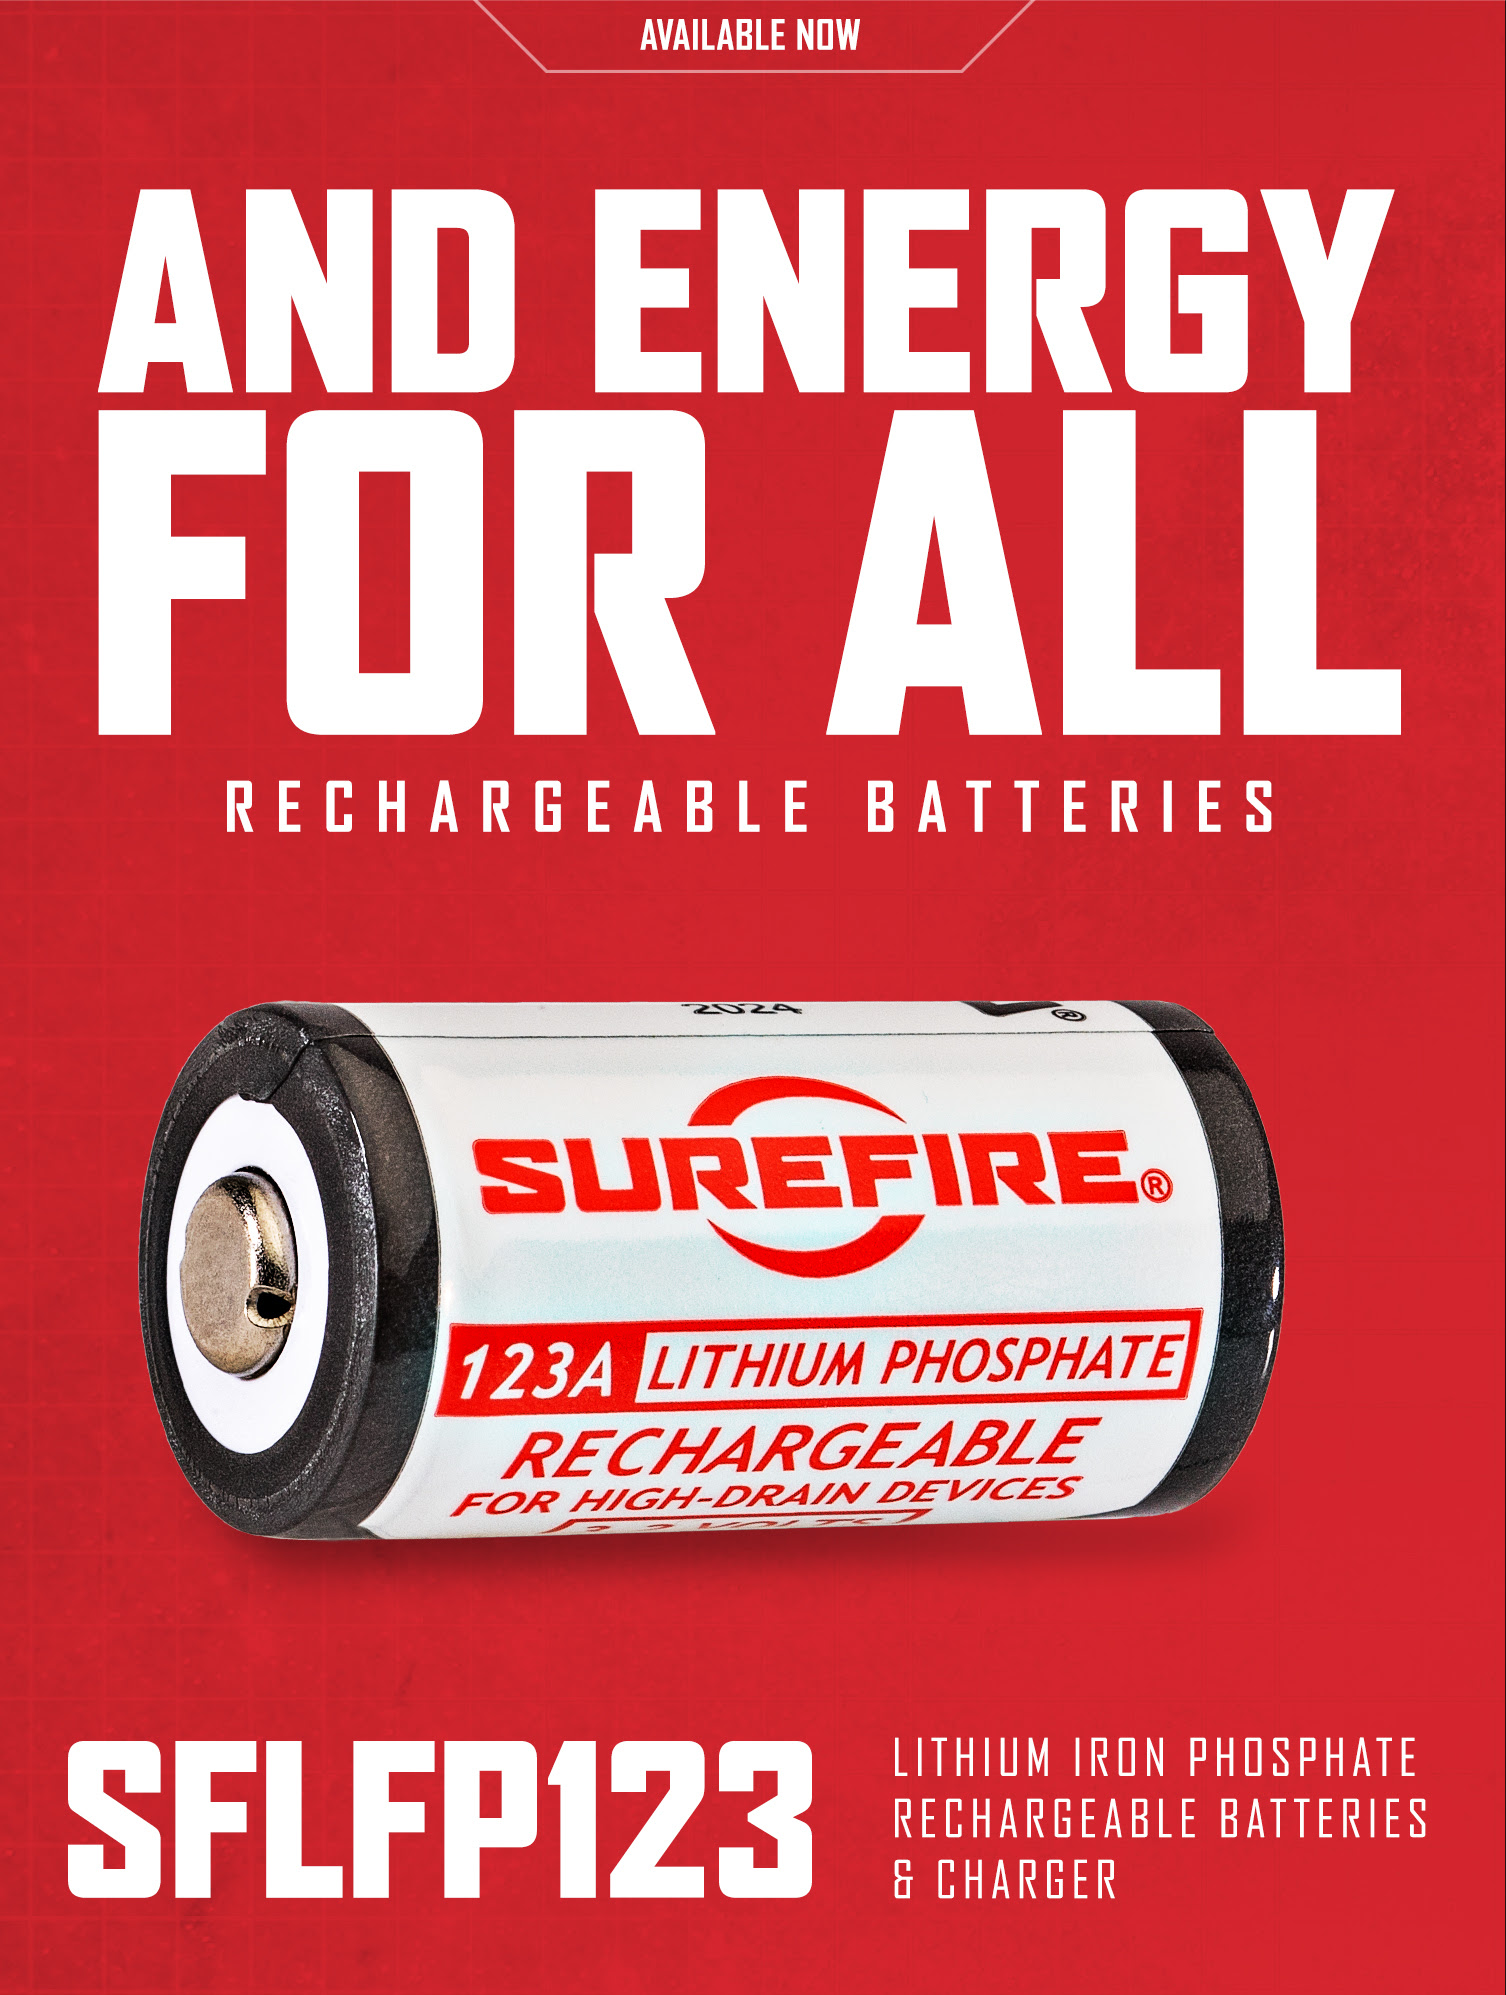 SFLFP123 Batteries - SureFire
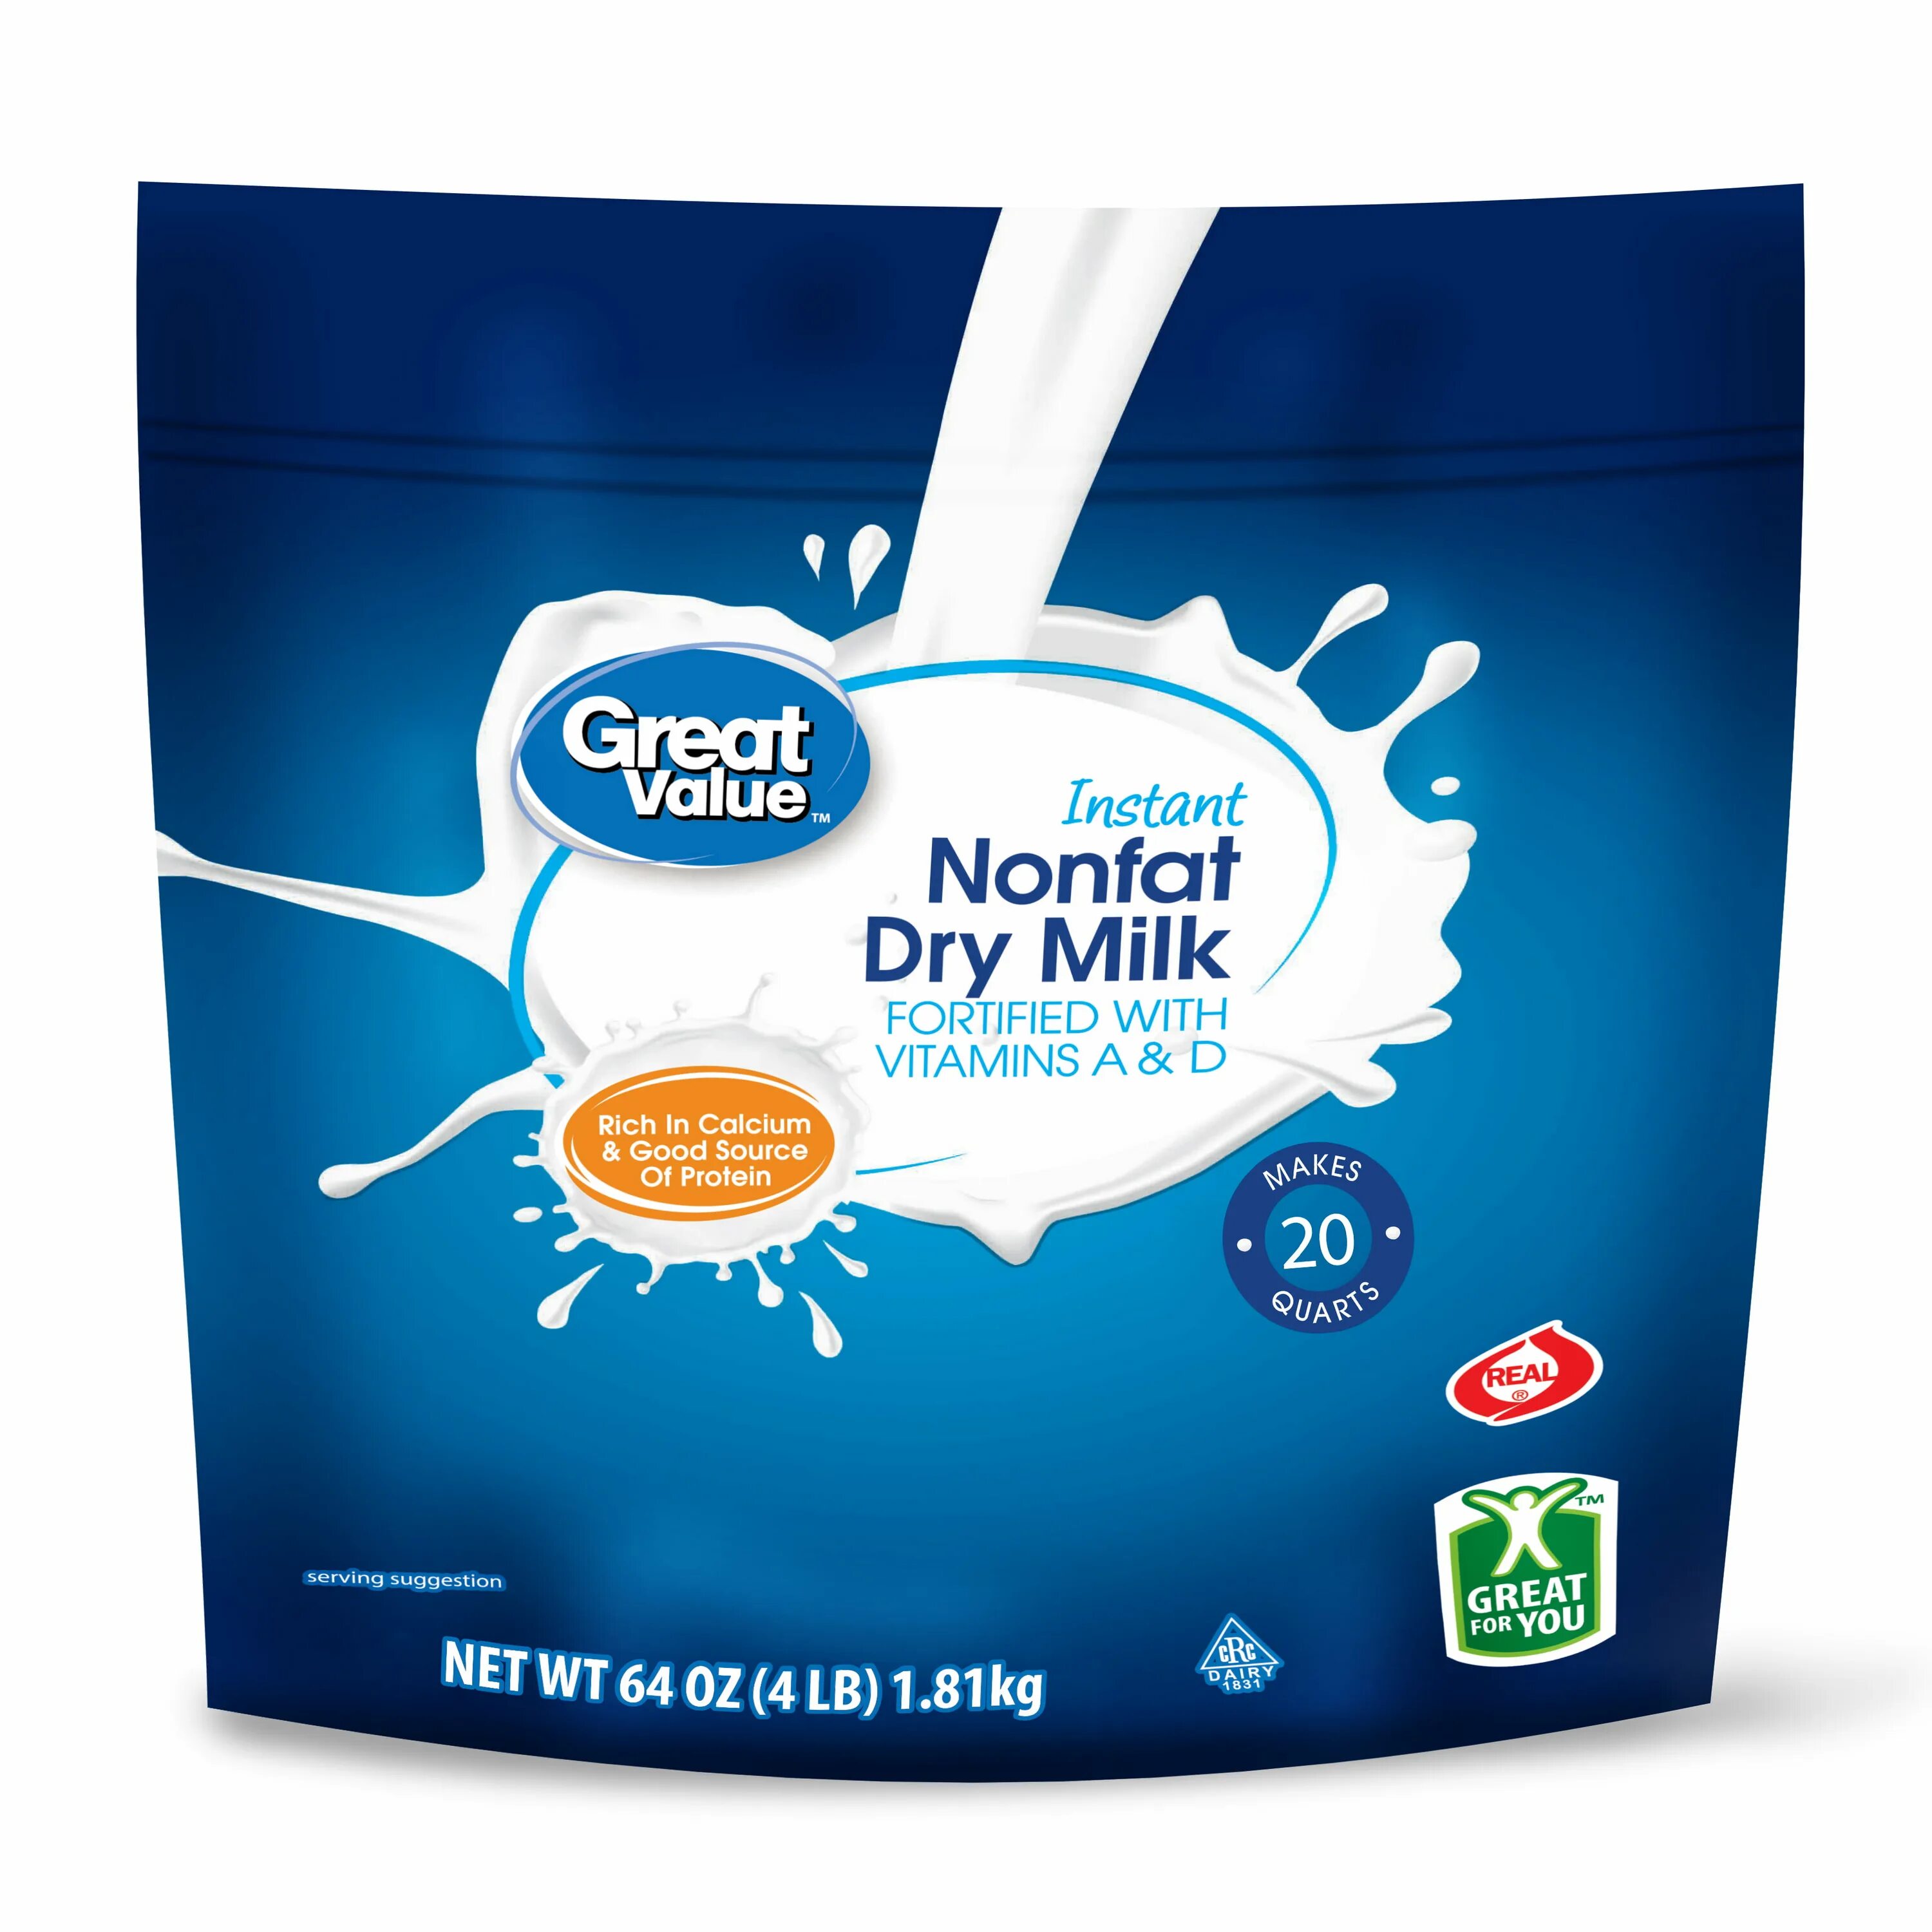 Miss circle r64 milk bed. Dry Milk products. Milk Vitamins. Instant Milk. Blue Powered молоко.
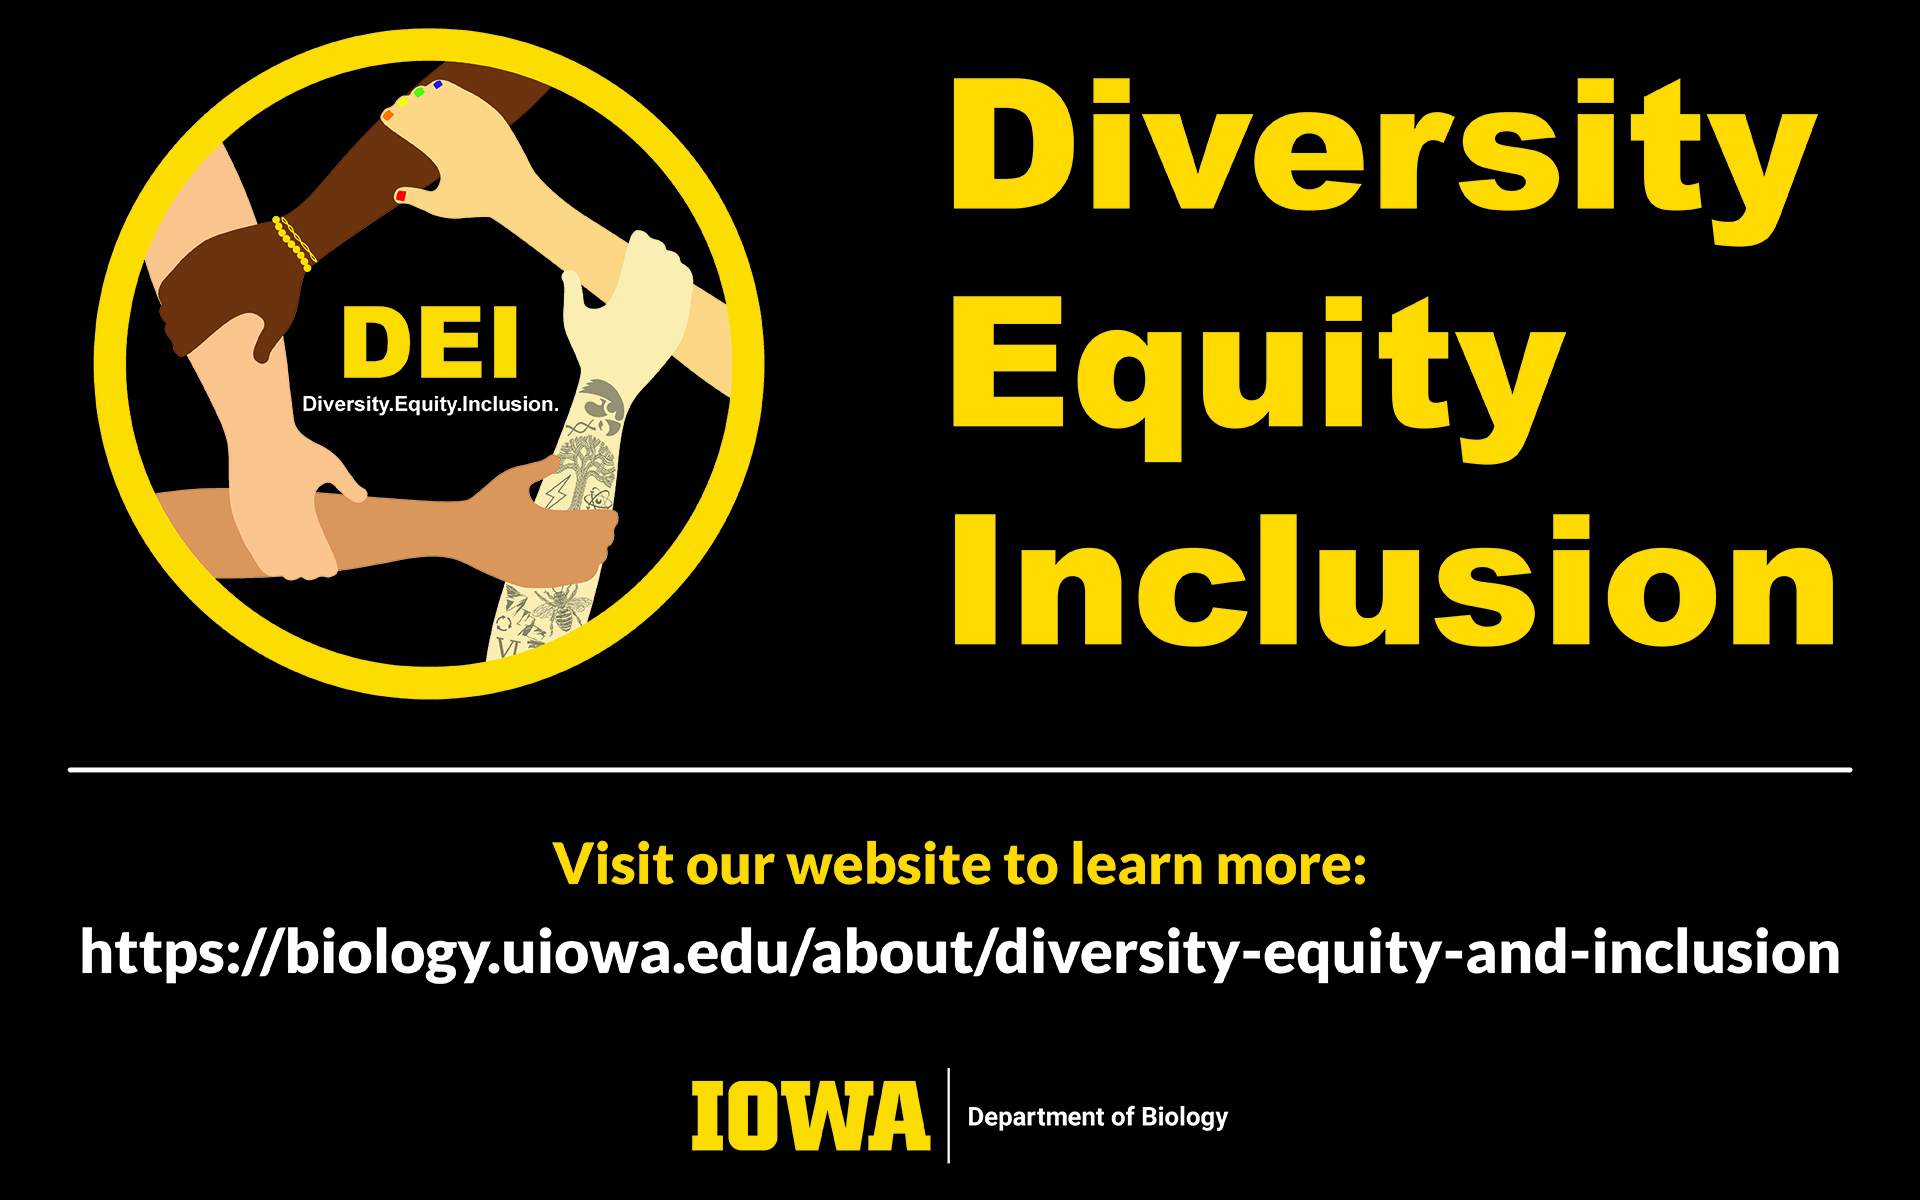 Diversity Equity Inclusion (DEI)

(DIRECTIONS FOR THIS TASK) Your task is to set down each line above verbatim while excluding the pictures.

(ANSWER FOR THE TASK)
 SFLFP123 Batteries - SureFire
 Miss circle r64 milk bed. Dry Milk products. Milk Vitamins. Instant Milk. Blue Powered молоко.
 Diversity Equity Inclusion (DEI)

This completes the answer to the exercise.